Exactly the lines from the one containing "Assburger P.H.D. Esq. #Stfu Gallegos Shirt" through the end of the listing must make up the answer, with no pictures included.

▸ **Source data**
= = = =

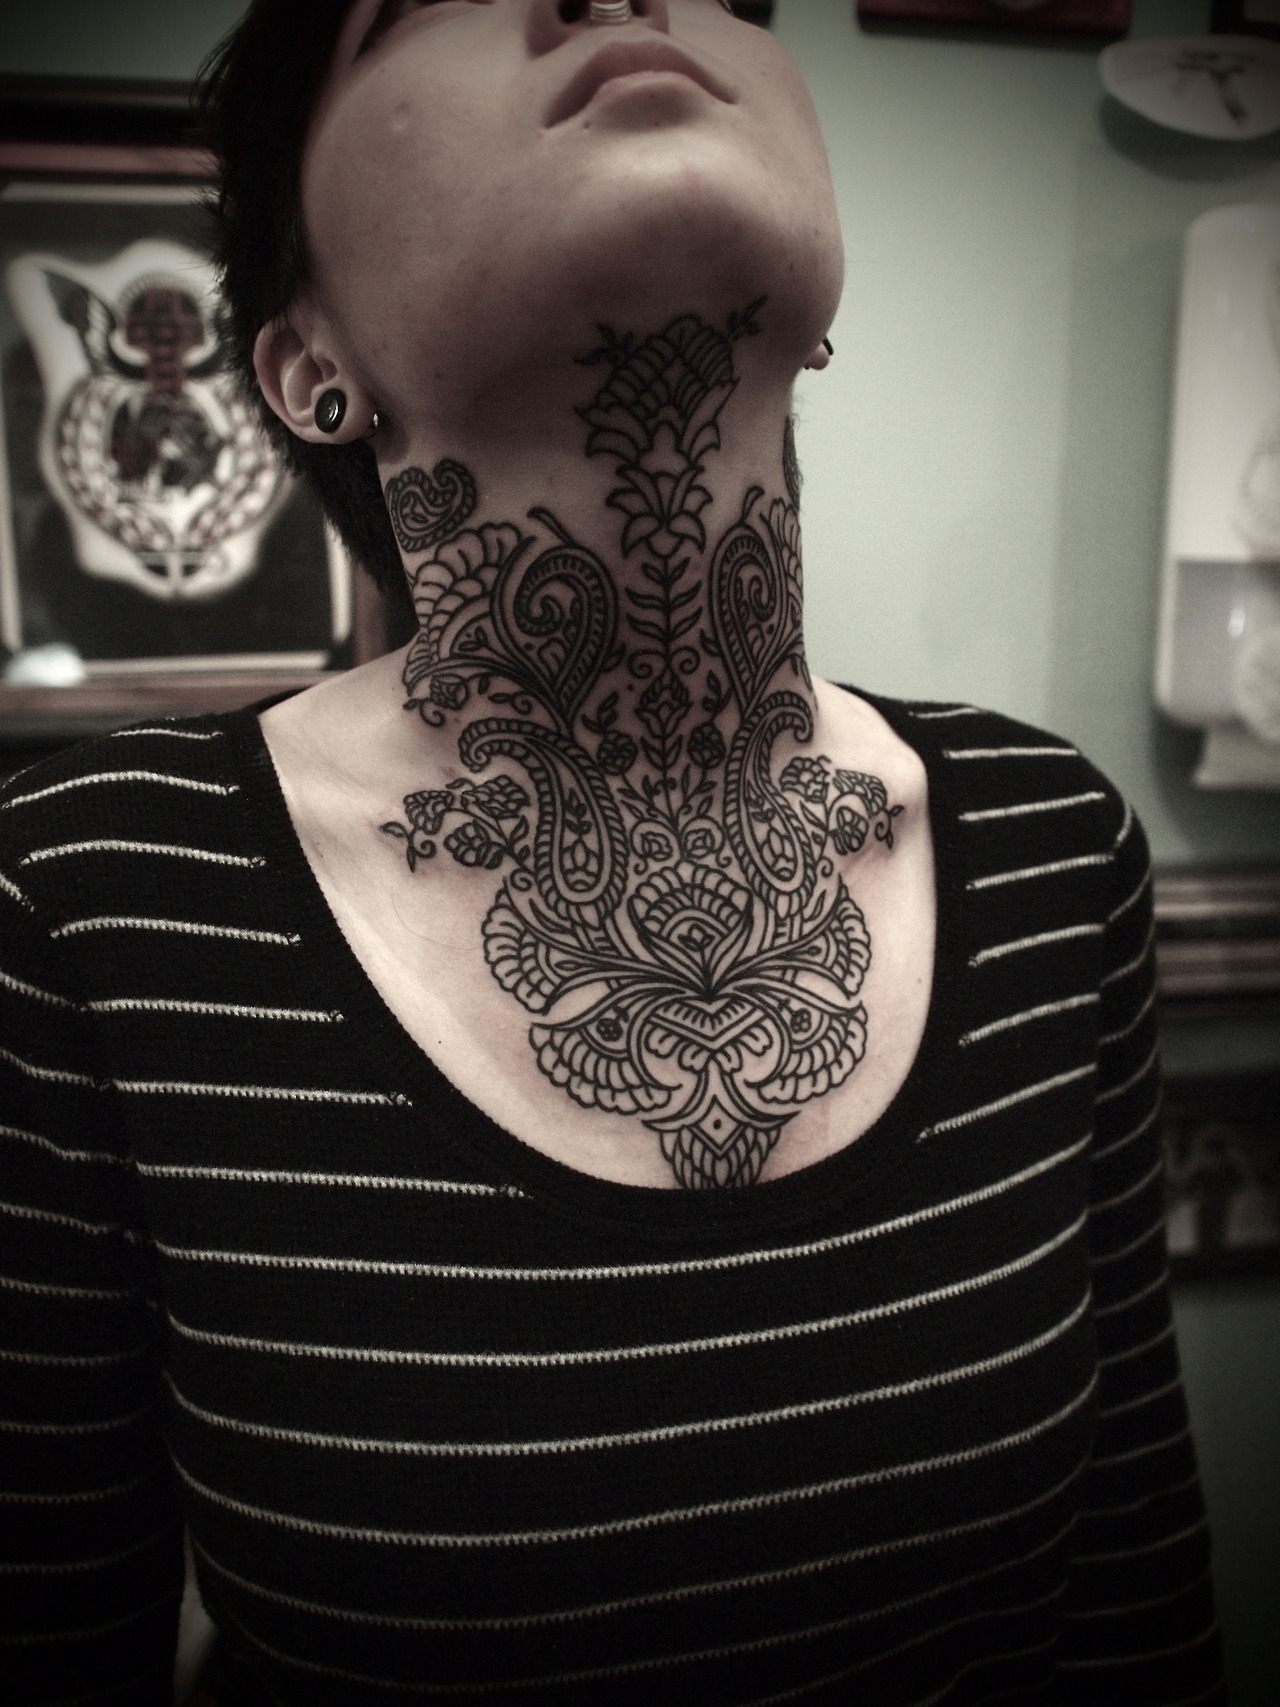 Amazing neck tattoo
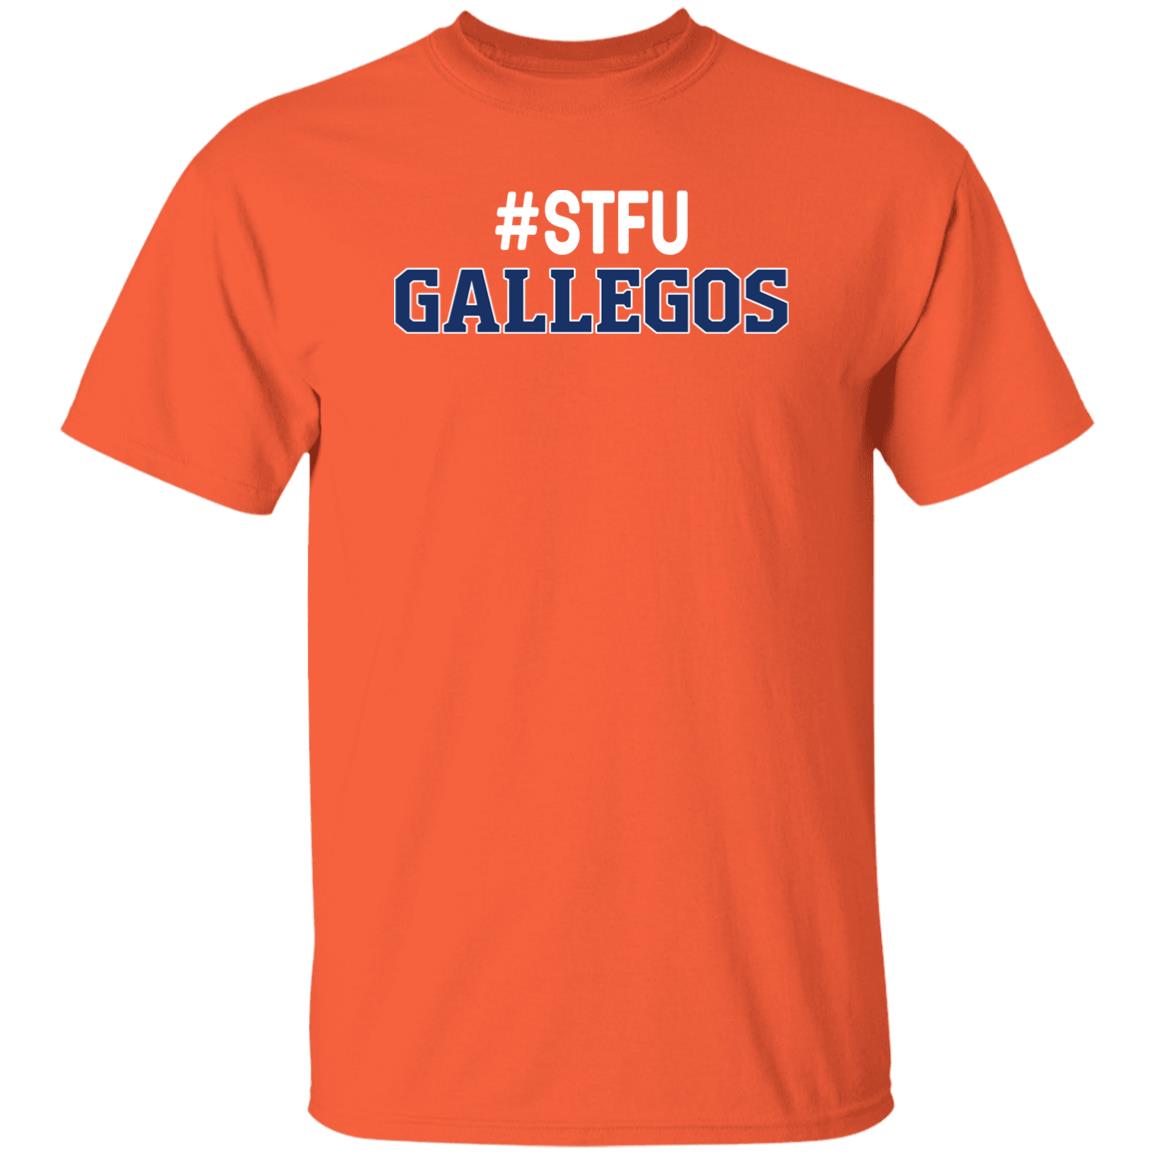 Assburger P.H.D. Esq. #Stfu Gallegos Shirt
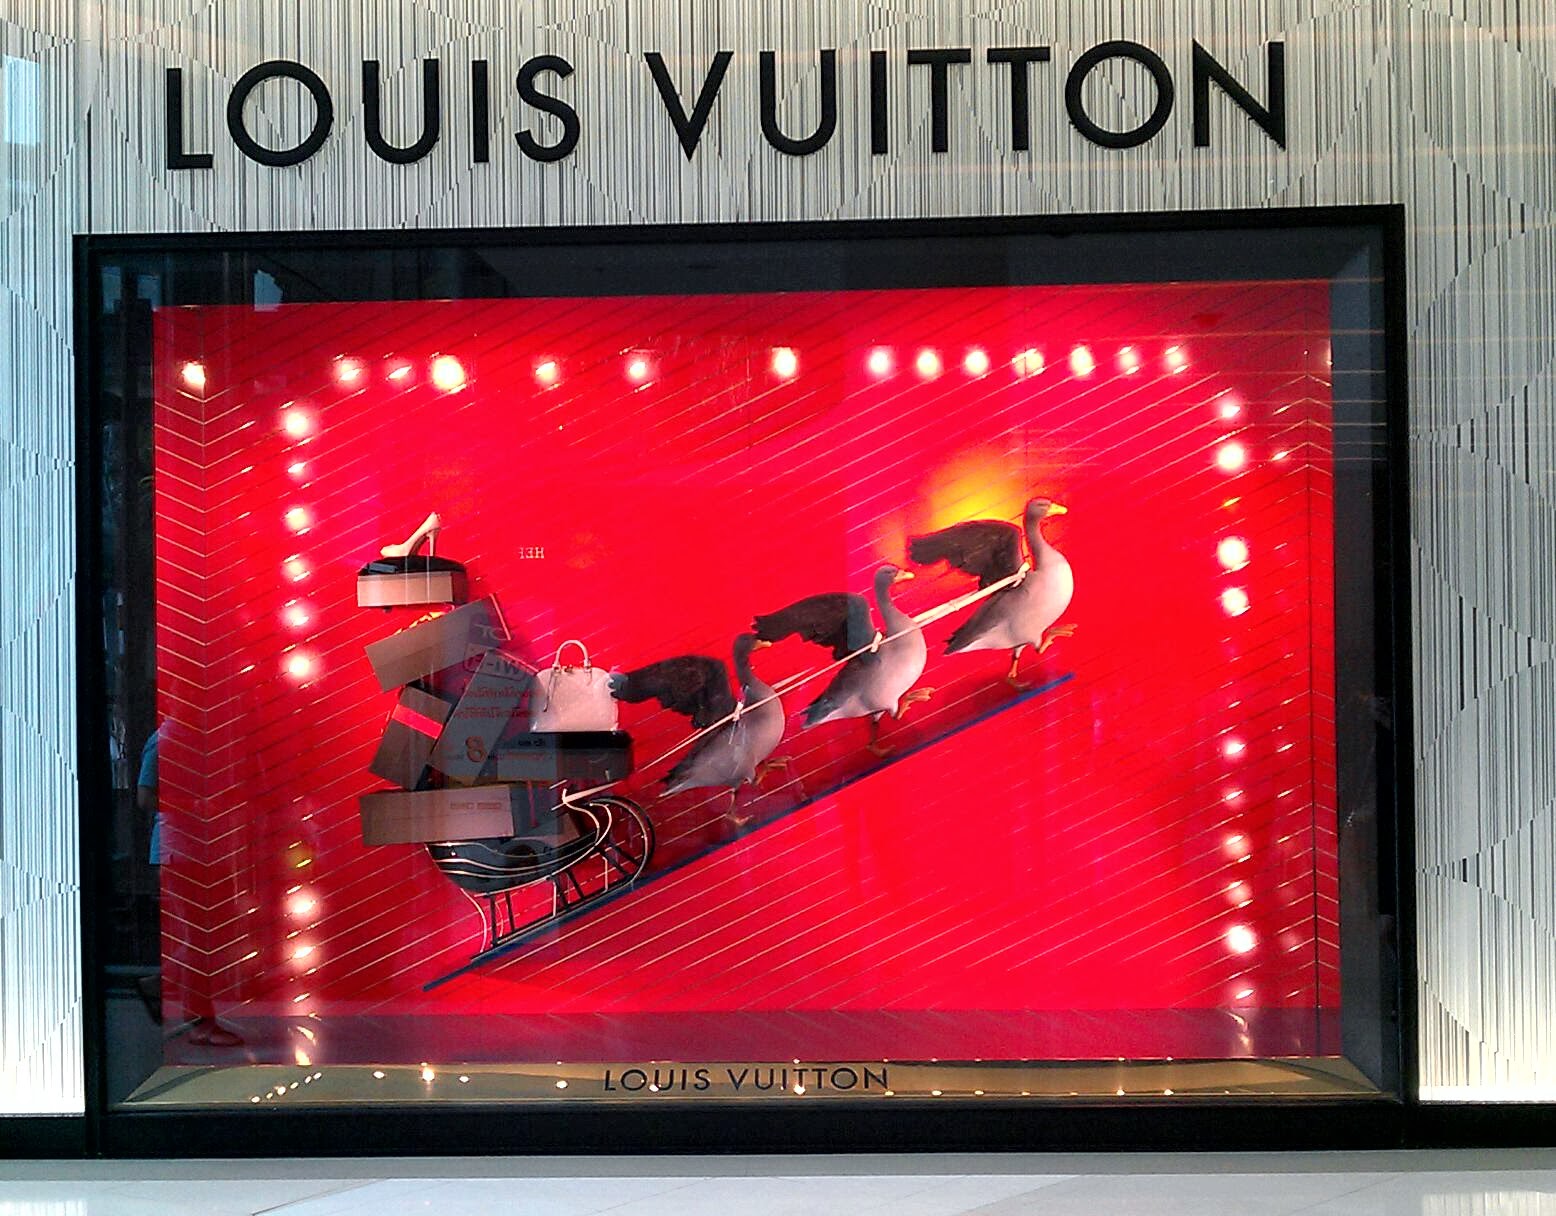 Louis Vuitton Christmas windows 2012, Vienna

= = = =

▸ **Result of this task**
 Assburger P.H.D. Esq. #Stfu Gallegos Shirt
 Louis Vuitton Christmas windows 2012, Vienna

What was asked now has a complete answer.